作者简介:薛恒、谈云浩,上海对外经贸大学法学院法律硕士。

中图分类号:D922.29 文献标识码:A DOI:10.19387/j.cnki.1009-0592.2017.11.268

一、信息型操纵:“恒康医疗”案简析

2017年8月10日,中国证券监督管理委员会(“证监会”)发布行政处罚决定,对以“市值管理”为名义操纵市场的恒康医疗集团股份有限公司(“恒康医疗”)控股股东及实际控制人阙某、上海某资产管理公司及其实际控制人谢某作出行政处罚,没收违法所得并处罚金。 另对该涉案资产管理公司实际控制人谢某采取终身证券市场禁入措施。

该案中,证监会认定阙某与上海某资产管理公司及其实际控制人谢某合谋,利用作为上市公司控股股东及实际控制人具有的信息优势,控制恒康医疗密集发布利好信息,人为操纵信息披露的内容和时点,未及时、真实、准确、完整披露对恒康医疗不利的信息,夸大恒康医疗研发能力,选择时点披露恒康医疗已有的重大利好信息,借“市值管理”名义,行操纵股价之实。通过上述一系列信息披露的综合起效,客观上误导了投资者,影响了“恒康医疗”股价,实现了阙某高价减持“恒康医疗”的目的,违反了《证券法》第七十七条第一款的规定,构成第二百零三条所述操纵证券市场行为。

“恒康医疗”案是一起典型的信息型操纵案例,这类新型操纵行为在我国并不多见, 除了“恒康医疗”案,近年来出现的信息型操纵案例还有“宏达新材”案、 徐翔案、 朱炜明案 等,此外在鲜言案 中也出现了信息型操纵的影子。规制这类新型操纵行为在法律适用和执法认定方面存在一定难题,我国并未将该类操纵行为纳入证券法列举的操纵行为范围,信息型操纵只能被《证券法》第七十七条第四款“其他手段”所涵摄。“恒康医疗”案中证监会认定行为人违反了《证券法》第七十七条第一款,笔者认为《证券法》第七十七条第一款中,虽有“利用信息优势”的表述,但该条的操纵行为落脚点在于“联合或者连续买卖”,本质上仍属对交易型操纵的描述,“恒康医疗”案中,当事人可以被评价为具有“信息优势”,但是并没有“联合或者连续买卖”的行为,因而只能适用第七十七条的兜底条款,这反映出信息型操纵在我国反市场操纵规范体系中仍属盲点。
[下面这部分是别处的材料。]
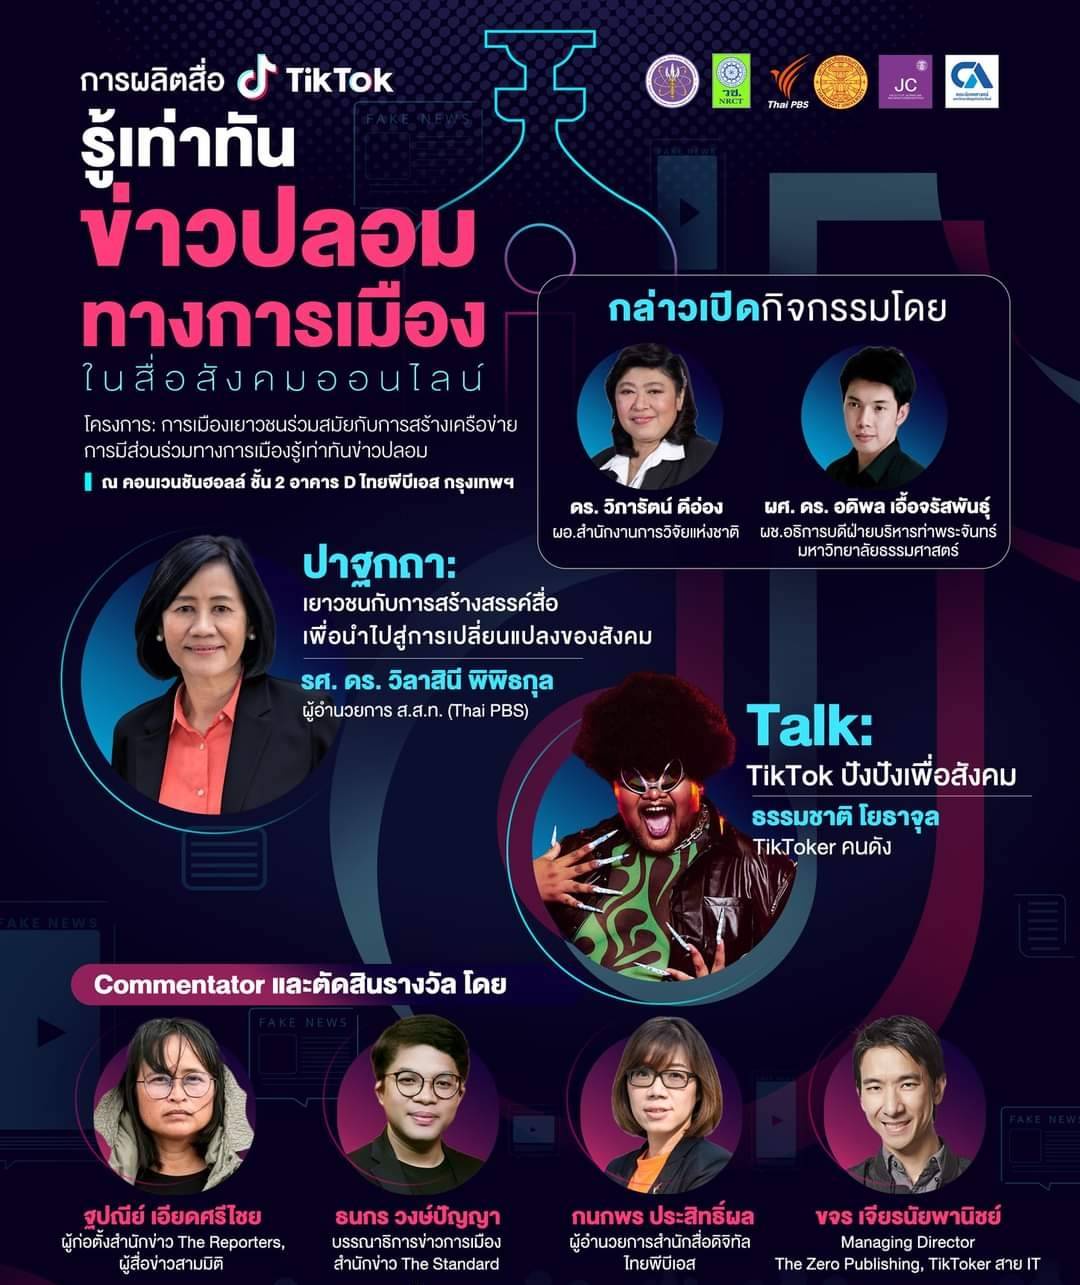 วช. หนุน มธ. และไทยพีบีเอส จัดกิจกรรมผลิตสื่อ Tiktok เพื่อให้เยาวชนรู้เท่าทันข่าวปลอมทางการเมืองในสื่อสังคมออนไลน์

从执法层面而言,信息型操纵的认定也存在障碍,单就信息型操纵中“信息”的判断便十分考验执法能力,此外信息型操纵主体的不确定性、行为的多样性和主观意图隐蔽性等特征也为信息型操纵的执法认定增加难度。接下来,笔者以恒康医疗案为例讨论信息型操纵的认定要点。

二、市场操纵类型

世界各法域普遍没有对市场操纵的定义达成统一的界定,不同国家和地区反市场操纵立法实践多采“抽象定义+有限列举+概括条款”的模式,将市场操纵按照操纵手段为标准区分为具有高度概括性的具体操纵类型越来越受到学界和实务界的青睐。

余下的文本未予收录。